Problem description: Everything in the listing below except the pictures should be reproduced exactly.

Source material:
_ _ _ _ _
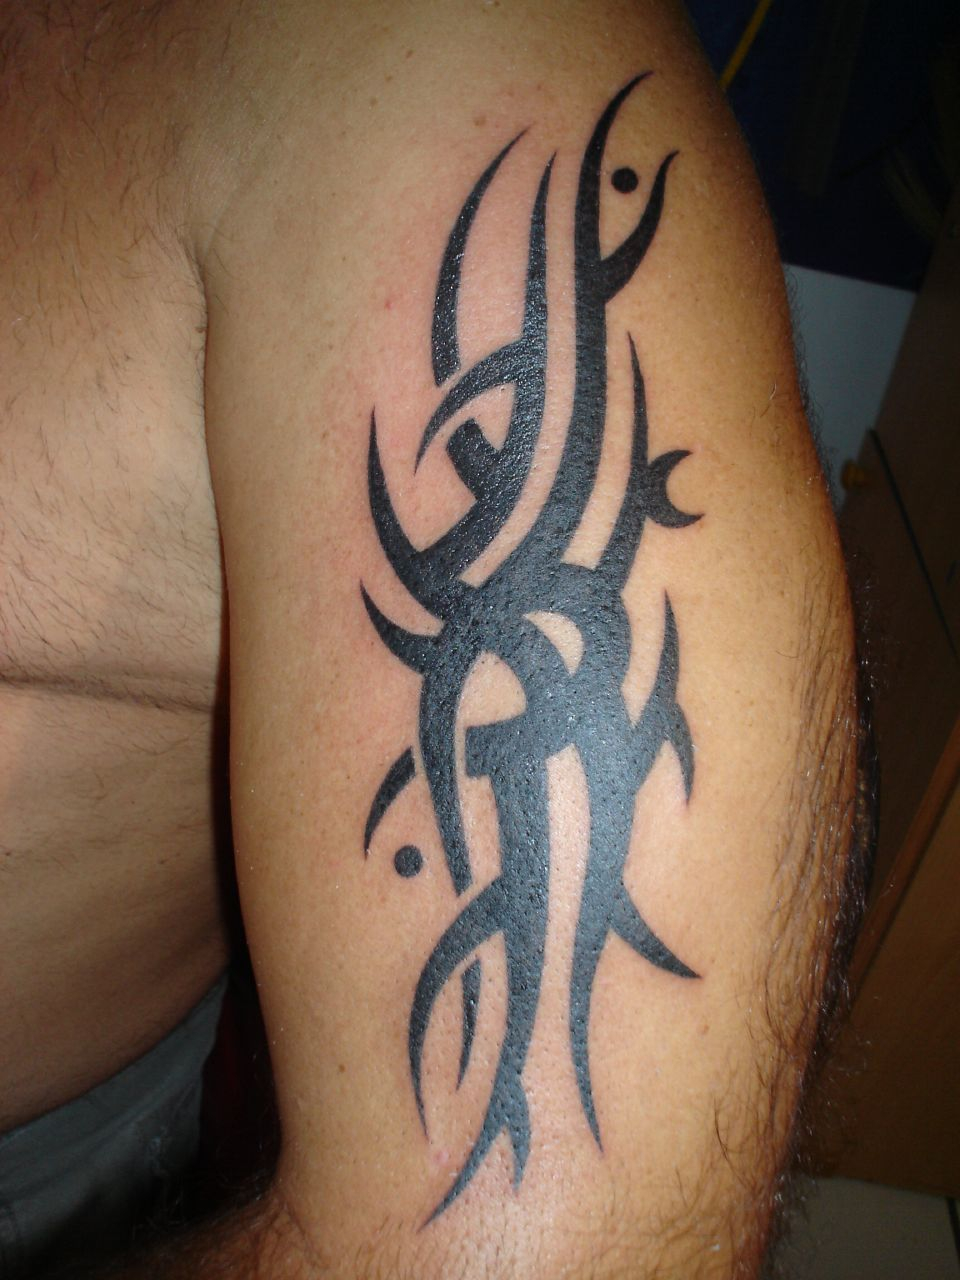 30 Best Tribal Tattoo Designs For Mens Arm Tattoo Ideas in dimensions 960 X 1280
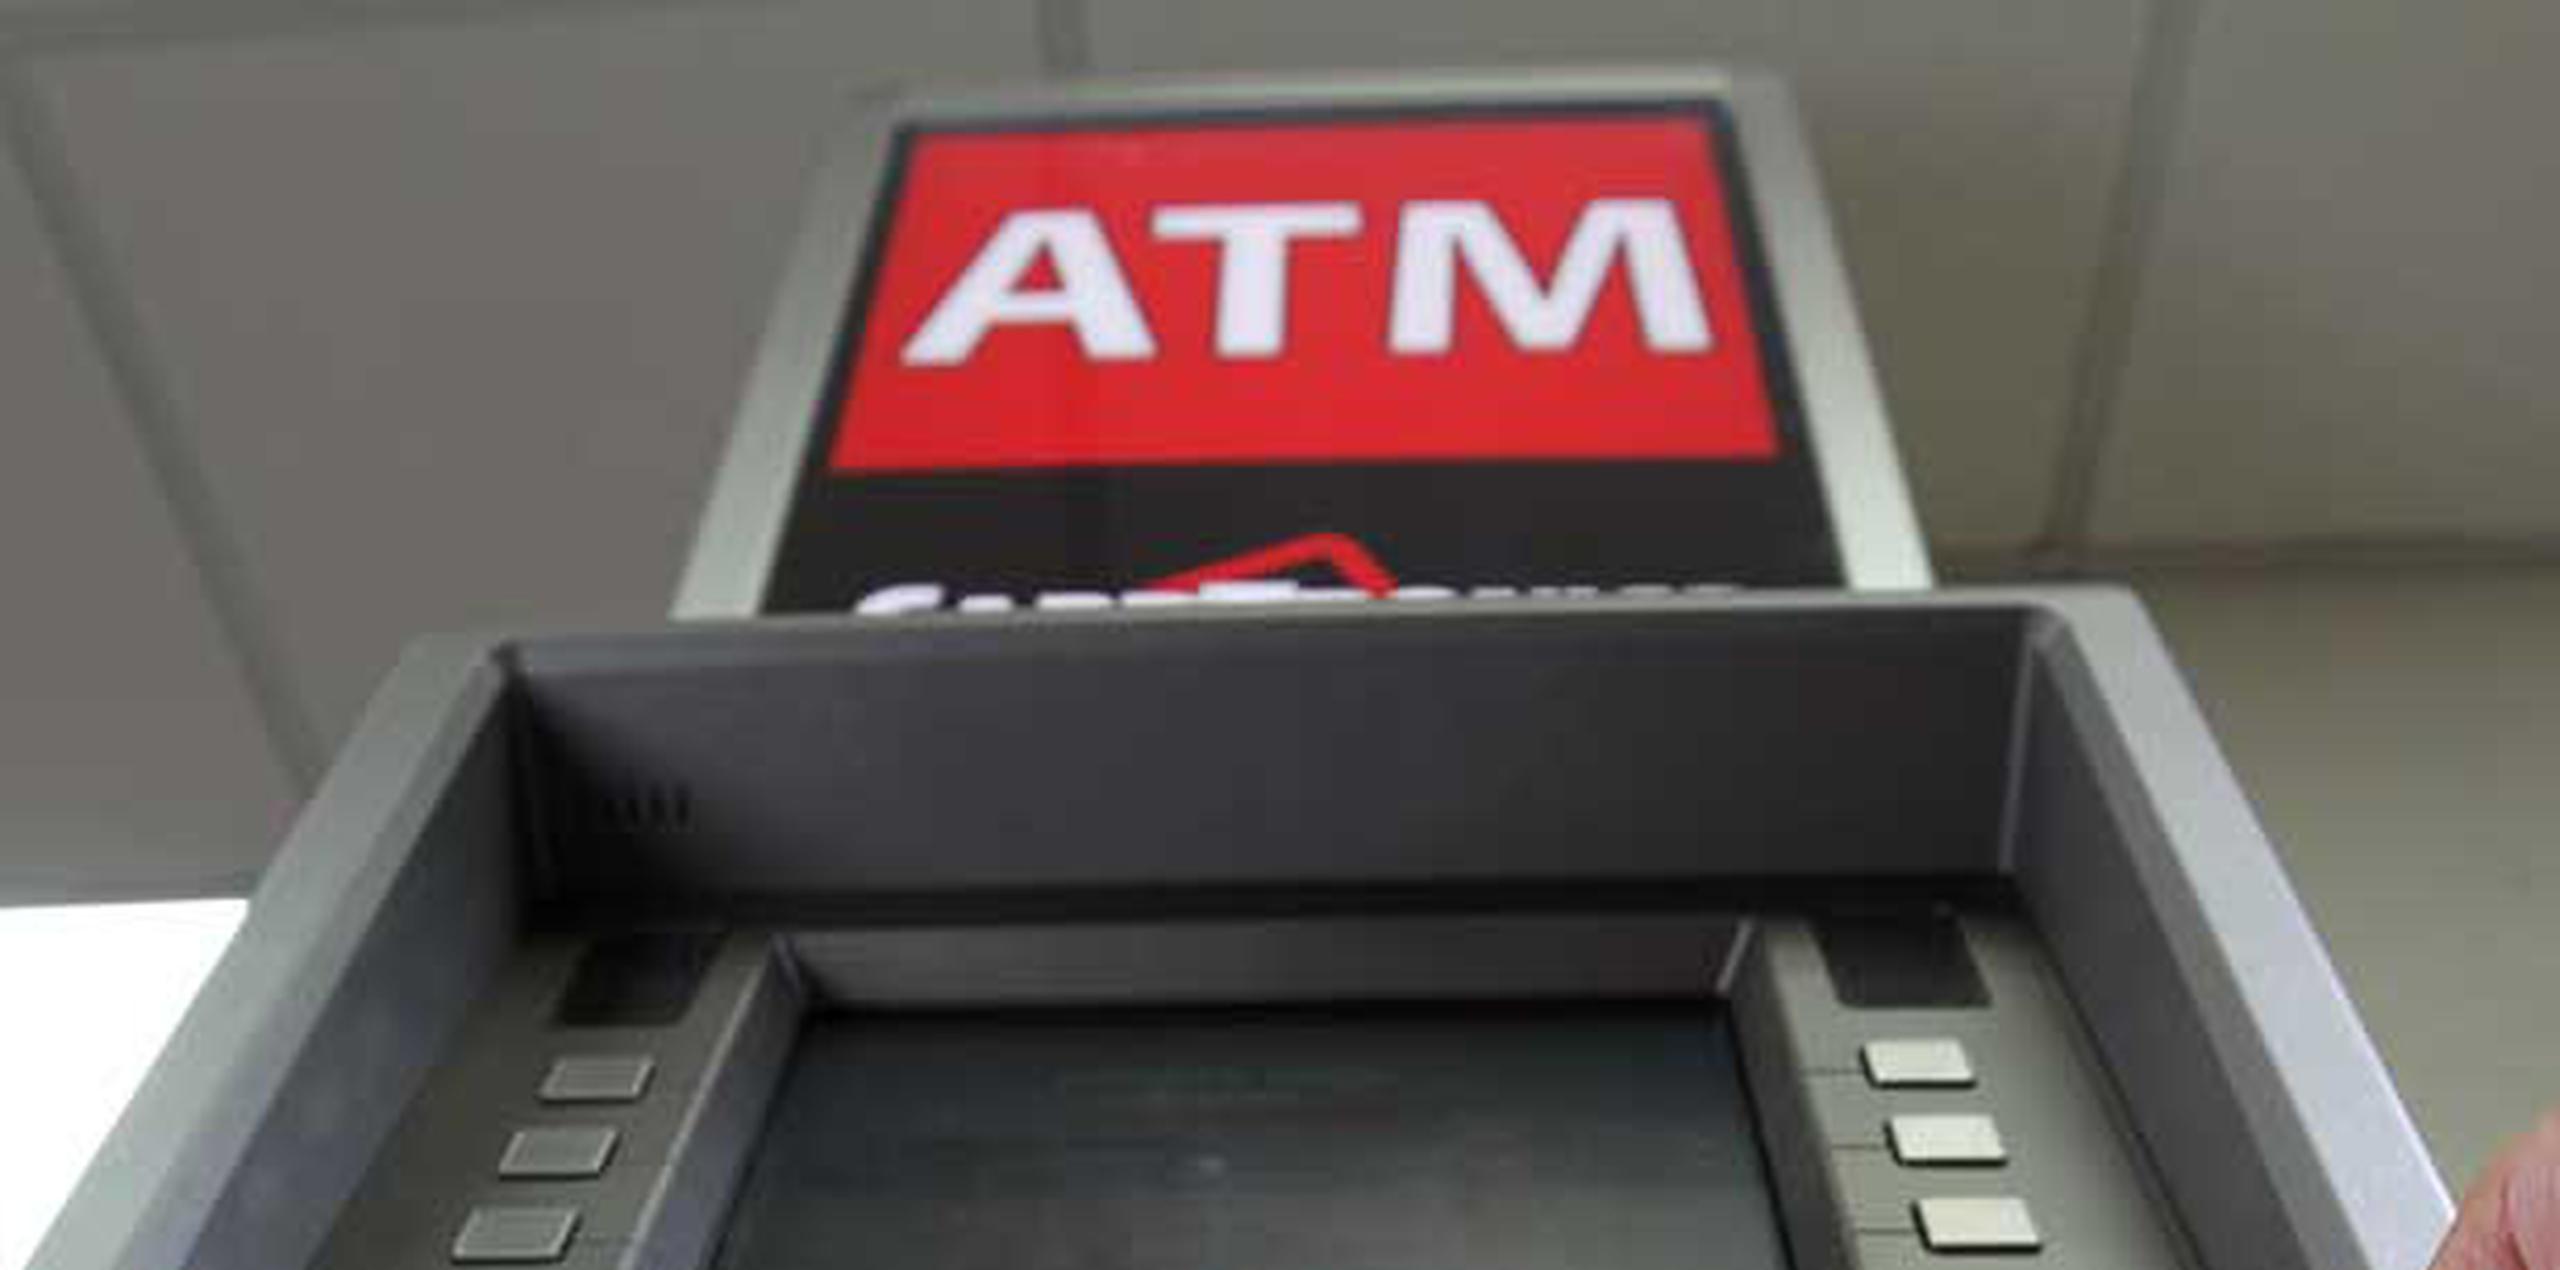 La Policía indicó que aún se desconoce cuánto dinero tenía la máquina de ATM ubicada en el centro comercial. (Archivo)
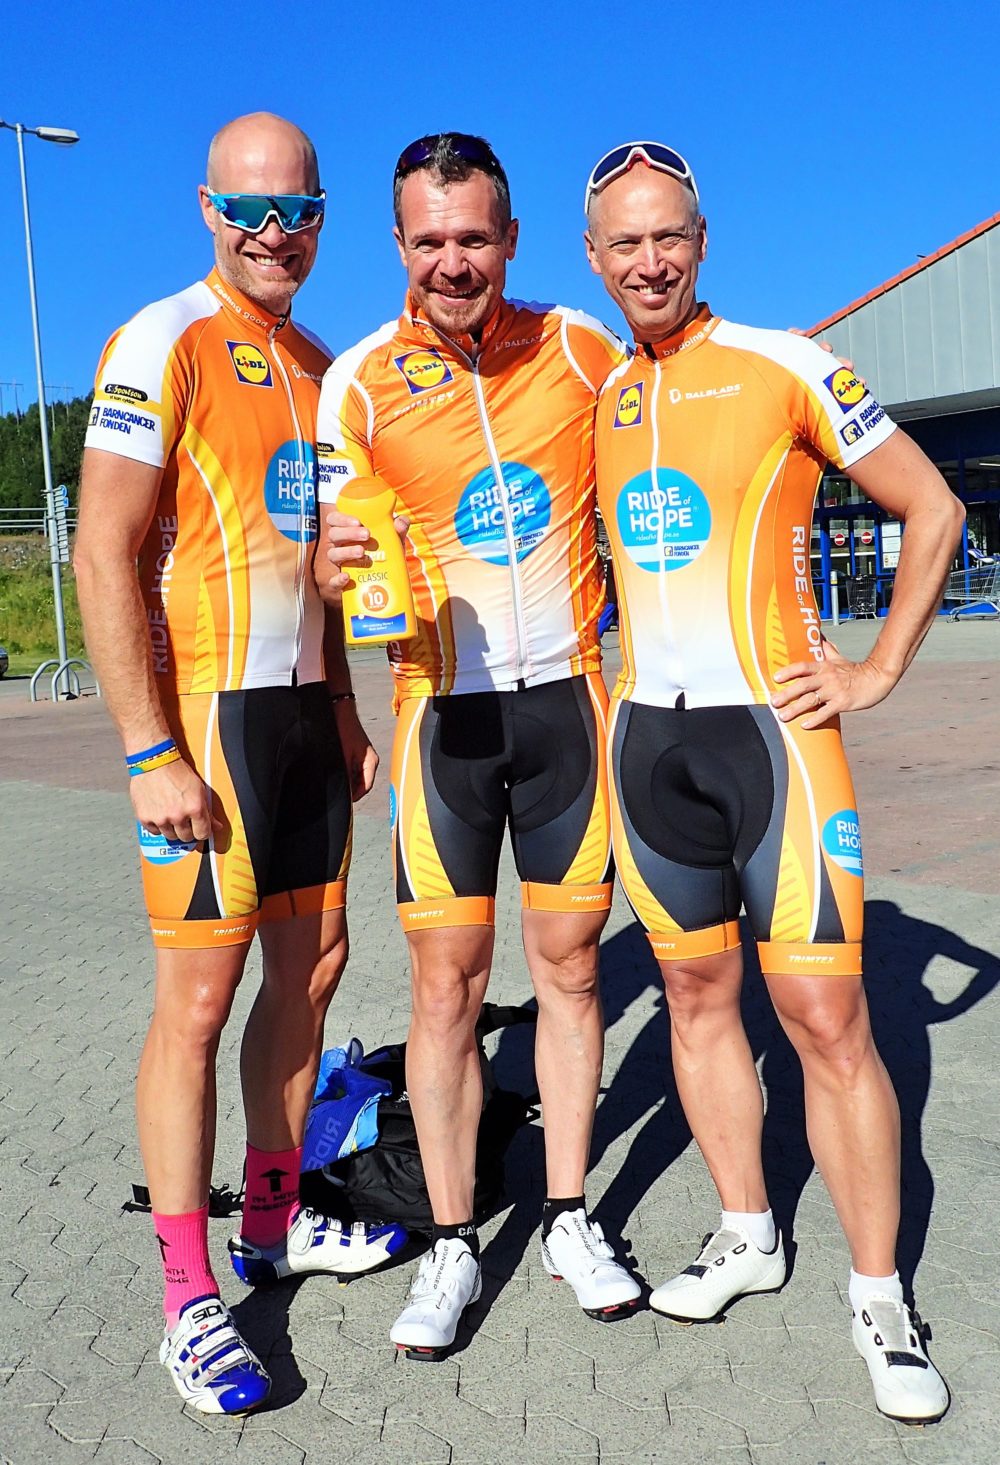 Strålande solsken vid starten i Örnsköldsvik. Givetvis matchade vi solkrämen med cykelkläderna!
_ _ _ _ _
Written solution:
 30 Best Tribal Tattoo Designs For Mens Arm Tattoo Ideas in dimensions 960 X 1280
 La Policía indicó que aún se desconoce cuánto dinero tenía la máquina de ATM ubicada en el centro comercial. (Archivo)
 Strålande solsken vid starten i Örnsköldsvik. Givetvis matchade vi solkrämen med cykelkläderna!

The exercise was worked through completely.